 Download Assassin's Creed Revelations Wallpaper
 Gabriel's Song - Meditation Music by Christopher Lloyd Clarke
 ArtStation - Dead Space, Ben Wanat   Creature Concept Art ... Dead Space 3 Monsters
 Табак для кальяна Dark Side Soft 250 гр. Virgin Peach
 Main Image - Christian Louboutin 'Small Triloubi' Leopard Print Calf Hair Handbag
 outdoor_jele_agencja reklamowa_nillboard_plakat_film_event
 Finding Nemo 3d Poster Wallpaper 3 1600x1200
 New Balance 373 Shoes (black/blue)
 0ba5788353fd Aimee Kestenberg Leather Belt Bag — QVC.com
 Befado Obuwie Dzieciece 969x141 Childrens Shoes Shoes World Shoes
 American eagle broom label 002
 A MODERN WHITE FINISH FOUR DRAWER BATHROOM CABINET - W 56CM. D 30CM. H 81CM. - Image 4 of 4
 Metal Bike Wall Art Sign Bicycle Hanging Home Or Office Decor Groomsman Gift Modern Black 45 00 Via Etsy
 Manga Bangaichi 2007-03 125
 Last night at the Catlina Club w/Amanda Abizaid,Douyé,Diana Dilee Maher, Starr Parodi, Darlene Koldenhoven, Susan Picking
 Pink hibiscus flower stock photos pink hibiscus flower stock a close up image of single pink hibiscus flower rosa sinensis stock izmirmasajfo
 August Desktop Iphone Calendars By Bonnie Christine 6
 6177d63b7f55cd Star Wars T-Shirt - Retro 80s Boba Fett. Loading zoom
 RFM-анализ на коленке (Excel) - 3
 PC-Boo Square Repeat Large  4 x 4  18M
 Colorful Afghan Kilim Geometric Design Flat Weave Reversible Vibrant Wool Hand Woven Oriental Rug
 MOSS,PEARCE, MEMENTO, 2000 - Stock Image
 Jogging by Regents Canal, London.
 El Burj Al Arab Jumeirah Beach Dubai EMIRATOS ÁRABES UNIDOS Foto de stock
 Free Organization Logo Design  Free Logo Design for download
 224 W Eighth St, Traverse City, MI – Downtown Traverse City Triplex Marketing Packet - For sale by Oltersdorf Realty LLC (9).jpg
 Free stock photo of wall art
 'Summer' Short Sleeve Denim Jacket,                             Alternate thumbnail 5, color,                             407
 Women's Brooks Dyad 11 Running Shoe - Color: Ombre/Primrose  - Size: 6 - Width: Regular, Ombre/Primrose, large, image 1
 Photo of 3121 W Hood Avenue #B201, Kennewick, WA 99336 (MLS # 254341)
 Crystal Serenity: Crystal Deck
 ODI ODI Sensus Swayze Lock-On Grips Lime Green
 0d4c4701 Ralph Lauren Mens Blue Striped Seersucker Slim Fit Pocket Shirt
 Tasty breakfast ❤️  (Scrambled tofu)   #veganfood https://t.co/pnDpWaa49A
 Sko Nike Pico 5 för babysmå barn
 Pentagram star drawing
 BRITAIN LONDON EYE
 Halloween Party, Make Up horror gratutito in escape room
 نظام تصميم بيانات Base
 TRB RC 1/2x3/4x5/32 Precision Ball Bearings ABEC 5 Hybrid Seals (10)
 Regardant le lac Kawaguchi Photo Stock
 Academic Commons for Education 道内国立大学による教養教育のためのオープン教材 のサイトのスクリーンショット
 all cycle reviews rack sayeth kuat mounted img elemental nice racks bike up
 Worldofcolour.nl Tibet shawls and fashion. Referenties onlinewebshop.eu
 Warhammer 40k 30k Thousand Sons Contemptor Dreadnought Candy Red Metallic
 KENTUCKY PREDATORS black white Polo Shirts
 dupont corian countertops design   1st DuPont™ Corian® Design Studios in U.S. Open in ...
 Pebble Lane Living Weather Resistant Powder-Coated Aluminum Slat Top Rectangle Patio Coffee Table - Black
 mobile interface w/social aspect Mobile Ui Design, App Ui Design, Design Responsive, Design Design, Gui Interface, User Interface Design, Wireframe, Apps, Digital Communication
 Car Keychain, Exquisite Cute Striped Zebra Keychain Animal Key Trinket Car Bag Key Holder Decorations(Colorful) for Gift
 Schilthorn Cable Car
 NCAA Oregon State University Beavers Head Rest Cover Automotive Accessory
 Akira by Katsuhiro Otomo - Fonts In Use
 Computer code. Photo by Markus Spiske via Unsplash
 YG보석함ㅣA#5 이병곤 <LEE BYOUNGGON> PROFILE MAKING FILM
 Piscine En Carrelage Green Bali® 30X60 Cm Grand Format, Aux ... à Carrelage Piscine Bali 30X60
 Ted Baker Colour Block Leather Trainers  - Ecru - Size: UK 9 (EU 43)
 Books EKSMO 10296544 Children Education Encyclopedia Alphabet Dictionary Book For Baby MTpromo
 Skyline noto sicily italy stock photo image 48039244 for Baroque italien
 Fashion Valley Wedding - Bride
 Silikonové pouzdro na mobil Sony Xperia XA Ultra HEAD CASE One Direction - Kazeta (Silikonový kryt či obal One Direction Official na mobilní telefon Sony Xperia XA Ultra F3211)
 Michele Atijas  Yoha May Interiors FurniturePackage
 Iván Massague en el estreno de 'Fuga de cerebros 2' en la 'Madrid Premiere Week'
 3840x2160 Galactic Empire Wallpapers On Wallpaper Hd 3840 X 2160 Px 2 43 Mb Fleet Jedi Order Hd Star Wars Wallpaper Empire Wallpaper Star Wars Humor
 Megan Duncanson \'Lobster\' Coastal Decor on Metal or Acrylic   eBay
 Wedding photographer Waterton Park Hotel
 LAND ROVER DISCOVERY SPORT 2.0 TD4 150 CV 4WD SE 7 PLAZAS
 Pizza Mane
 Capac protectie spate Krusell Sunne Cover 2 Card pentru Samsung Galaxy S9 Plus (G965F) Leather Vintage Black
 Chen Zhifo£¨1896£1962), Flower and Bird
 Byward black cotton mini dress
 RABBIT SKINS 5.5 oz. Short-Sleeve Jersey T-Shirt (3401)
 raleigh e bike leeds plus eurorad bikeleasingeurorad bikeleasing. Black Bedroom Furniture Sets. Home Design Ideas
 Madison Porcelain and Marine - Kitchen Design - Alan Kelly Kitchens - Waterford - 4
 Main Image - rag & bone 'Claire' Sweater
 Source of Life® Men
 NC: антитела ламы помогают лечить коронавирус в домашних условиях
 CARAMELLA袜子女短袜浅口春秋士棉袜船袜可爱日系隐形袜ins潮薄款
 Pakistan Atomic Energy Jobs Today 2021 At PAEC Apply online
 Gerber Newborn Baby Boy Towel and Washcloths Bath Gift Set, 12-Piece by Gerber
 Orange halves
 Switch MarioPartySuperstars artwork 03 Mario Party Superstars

Prompt: All lines above from the one containing "Photo of 3121" to the one containing "Sko Nike Pico 5 för babysmå barn" must be repeated exactly, both lines included, and no others.

Exercise output:
 Photo of 3121 W Hood Avenue #B201, Kennewick, WA 99336 (MLS # 254341)
 Crystal Serenity: Crystal Deck
 ODI ODI Sensus Swayze Lock-On Grips Lime Green
 0d4c4701 Ralph Lauren Mens Blue Striped Seersucker Slim Fit Pocket Shirt
 Tasty breakfast ❤️  (Scrambled tofu)   #veganfood https://t.co/pnDpWaa49A
 Sko Nike Pico 5 för babysmå barn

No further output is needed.